Connecting to images.openai.com (images.openai.com)|2606:4700:4400::6812:28cd|:443... connected.
HTTP request sent, awaiting response... 200 OK
Length: 300894 (294K) [image/jpeg]
Saving to: ‘other_images/openai/dev_day.png’

other_images/openai 100%[===================>] 293.84K  --.-KB/s    in 0.02s   

2024-01-02 20:25:25 (13.8 MB/s) - ‘other_images/openai/dev_day.png’ saved [300894/300894]

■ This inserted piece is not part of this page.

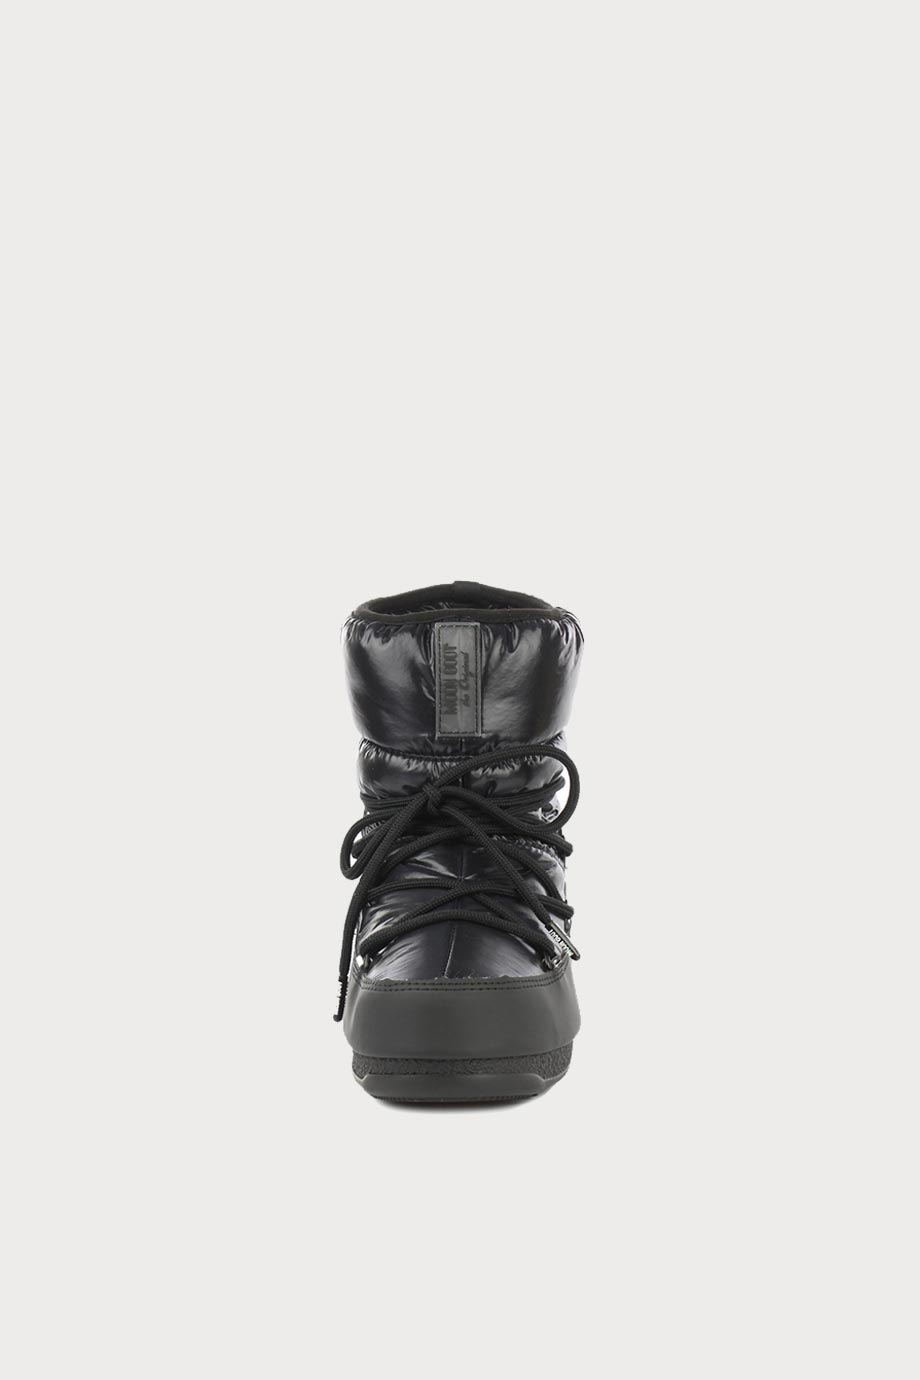 spiridoula metheniti shoes xalkida p 24009800 001 black low laces MoonBoot 5
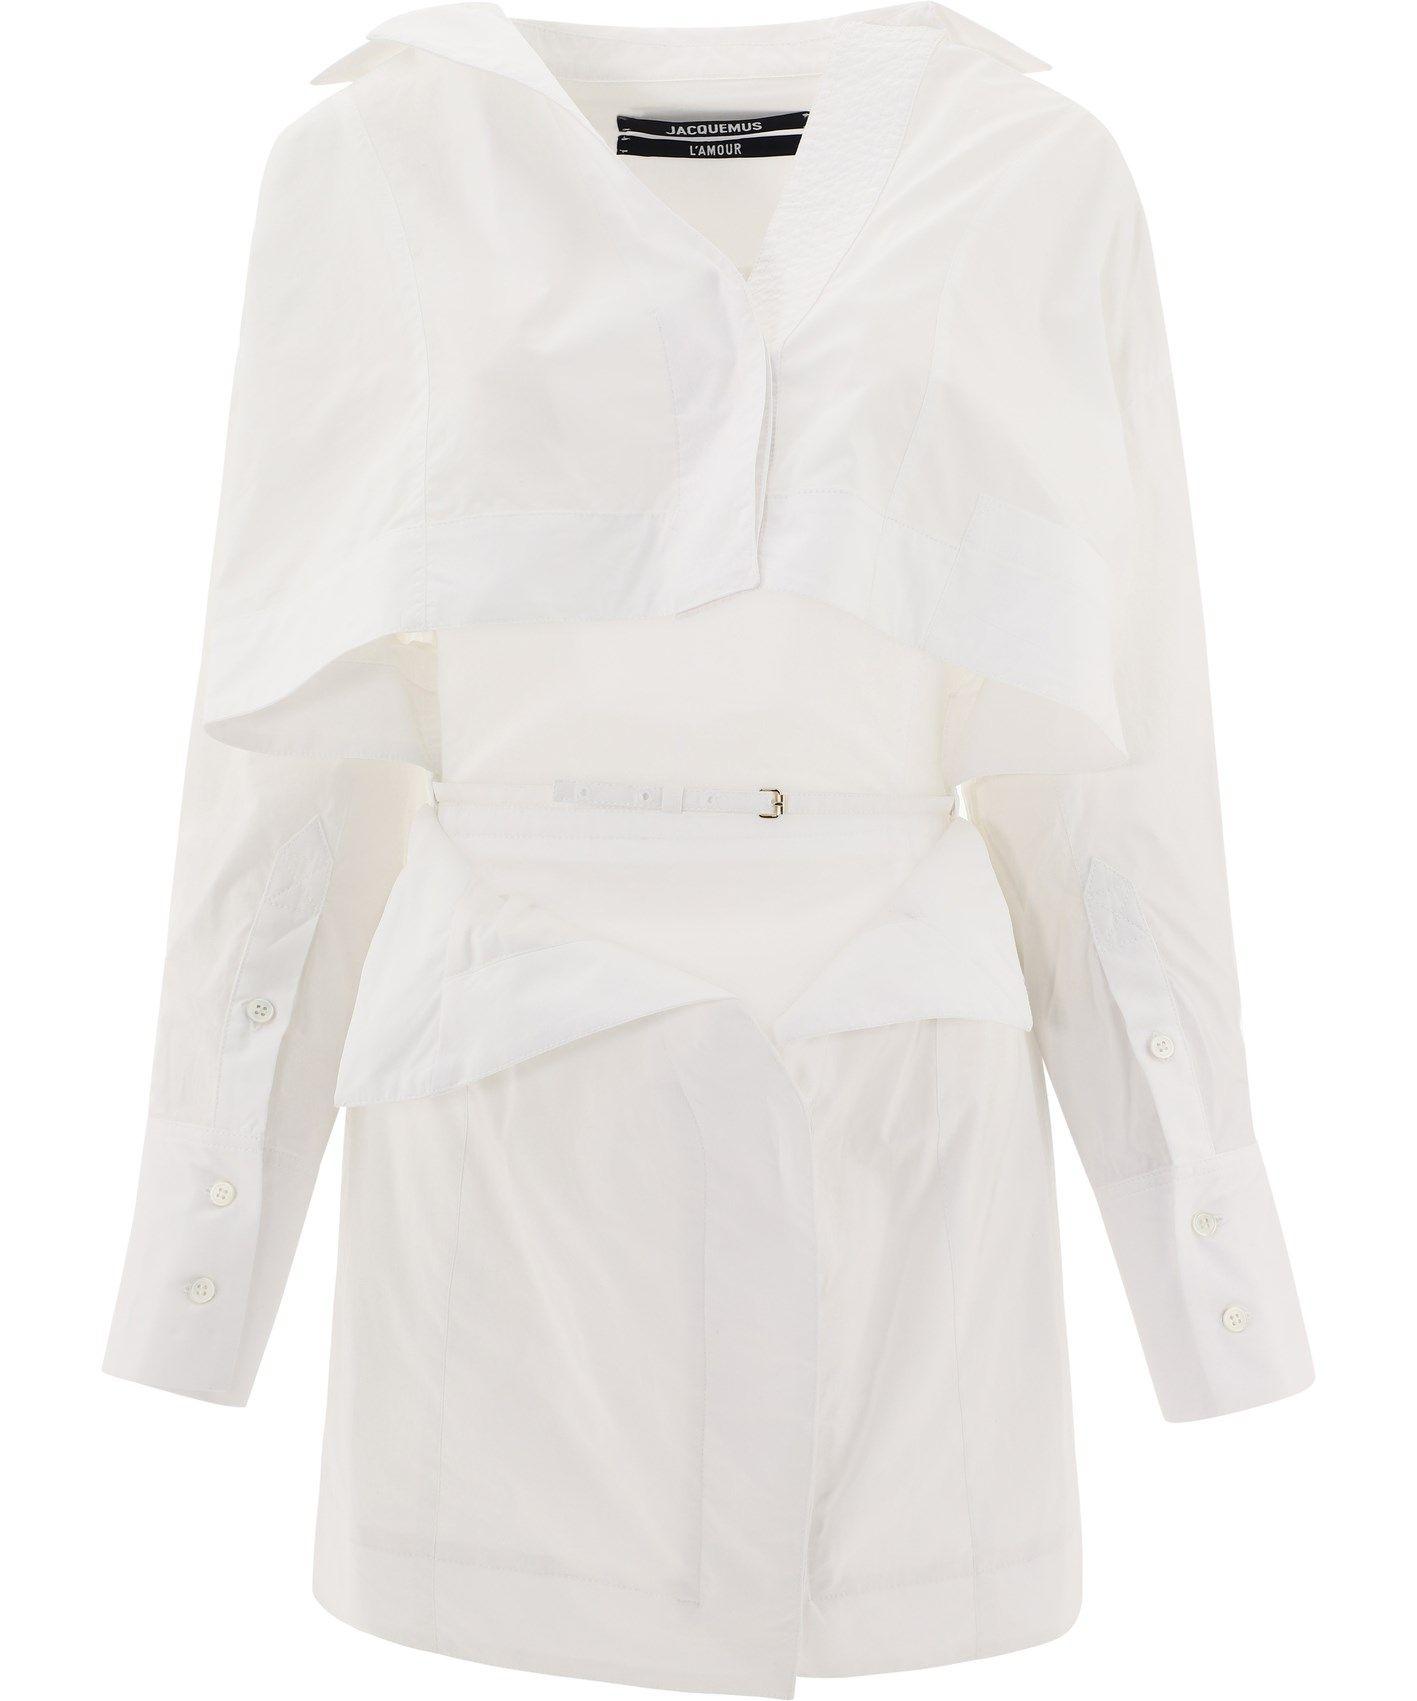 Jacquemus JACQUEMUS WOMEN'S WHITE OTHER MATERIALS DRESS

from llama_index.readers.web import SimpleWebPageReader

url = "https://openai.com/blog/new-models-and-developer-products-announced-at-devday"
reader = SimpleWebPageReader(html_to_text=True)
documents = reader.load_data(urls=[url])

Setup Tools#

from llama_index.llms.openai import OpenAI
from llama_index.core import VectorStoreIndex
from llama_index.core.tools import QueryEngineTool, ToolMetadata

from llama_index.core import Settings

Settings.llm = OpenAI(temperature=0, model="gpt-3.5-turbo")

vector_index = VectorStoreIndex.from_documents(
    documents,
)

query_tool = QueryEngineTool(
    query_engine=vector_index.as_query_engine(),
    metadata=ToolMetadata(
        name=f"vector_tool",
        description=(
            "Useful to lookup new features announced by OpenAI"
            # "Useful to lookup any information regarding the image"
        ),
    ),
)

Setup Agent#

from llama_index.core.agent.react_multimodal.step import (
    MultimodalReActAgentWorker,
)
from llama_index.core.agent import AgentRunner
from llama_index.core.multi_modal_llms import MultiModalLLM
from llama_index.multi_modal_llms.openai import OpenAIMultiModal
from llama_index.core.agent import Task

mm_llm = OpenAIMultiModal(model="gpt-4-vision-preview", max_new_tokens=1000)

# Option 2: Initialize AgentRunner with OpenAIAgentWorker
react_step_engine = MultimodalReActAgentWorker.from_tools(
    [query_tool],
    # [],
    multi_modal_llm=mm_llm,
    verbose=True,
)
agent = AgentRunner(react_step_engine)

query_str = (
    "The photo shows some new features released by OpenAI. "
    "Can you pinpoint the features in the photo and give more details using relevant tools?"
)

from llama_index.core.schema import ImageDocument

# image document
image_document = ImageDocument(image_path="other_images/openai/dev_day.png")

task = agent.create_task(
    query_str,
    extra_state={"image_docs": [image_document]},
)

def execute_step(agent: AgentRunner, task: Task):
    step_output = agent.run_step(task.task_id)
    if step_output.is_last:
        response = agent.finalize_response(task.task_id)
        print(f"> Agent finished: {str(response)}")
        return response
    else:
        return None


def execute_steps(agent: AgentRunner, task: Task):
    response = execute_step(agent, task)
    while response is None:
        response = execute_step(agent, task)
    return response

# Run this and not the below if you just want to run everything at once.
# response = execute_steps(agent, task)

response = execute_step(agent, task)

Thought: I need to use a tool to help me identify the new features released by OpenAI as shown in the photo.
Action: vector_tool
Action Input: {'input': 'new features released by OpenAI'}
Observation: OpenAI has released several new features, including the GPT-4 Turbo model, the Assistants API, and multimodal capabilities. The GPT-4 Turbo model is more capable, cheaper, and supports a 128K context window. The Assistants API makes it easier for developers to build their own assistive AI apps with goals and the ability to call models and tools. The multimodal capabilities include vision, image creation (DALLÂ·E 3), and text-to-speech (TTS). These new features are being rolled out to OpenAI customers starting at 1pm PT today.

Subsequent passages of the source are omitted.